There is no dispute here that the searches of cells and inmates for weapons and contraband is a legitimate purpose.
The conditions created by the weekend lockdown searches maybe extremely unpleasant, but that does not necessarily make them punishment. Bell, 441 U.S. at 537. Plaintiffs' argument that the searches could be performed faster and that detainees could then be immediately released from their cells boils down to an efficiency argument-the CCDOC could do the searches in a better and less restrictive manner. This is exactly the kind of managerial argument that both the Supreme Court and the Seventh Circuit have cautioned against.
Less restrictive arguments are too powerful: a prison always can do something, at some cost, to make prisons more habitable, but if courts assess and compare these costs and benefits then judges rather than wardens are the real prison administrators.Johnson v. Phelan, 69 F.3d 144, 145 (7th Cir. 1995).

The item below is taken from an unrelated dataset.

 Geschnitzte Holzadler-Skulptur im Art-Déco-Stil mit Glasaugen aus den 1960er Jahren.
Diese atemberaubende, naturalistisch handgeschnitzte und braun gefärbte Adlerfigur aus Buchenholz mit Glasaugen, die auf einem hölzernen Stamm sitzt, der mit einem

The CCDOC's administrators and officials argue that both random searches and weekend lockdown searches are necessary to decrease the risks posed by weapons and contraband. Since I do not wish to either second guess their judgment or try to tell them the best way to operate a prison, I find that, in light of the need to ensure security at the CCDOC, weekend searches are neither unreasonable nor excessive. The CCDOC's policy of conducting weekend lockdown searches is permissible under the Bell standard and does not violate the Plaintiffs' due process rights.
For these reasons, the Defendant's Motion to Dismiss is GRANTED.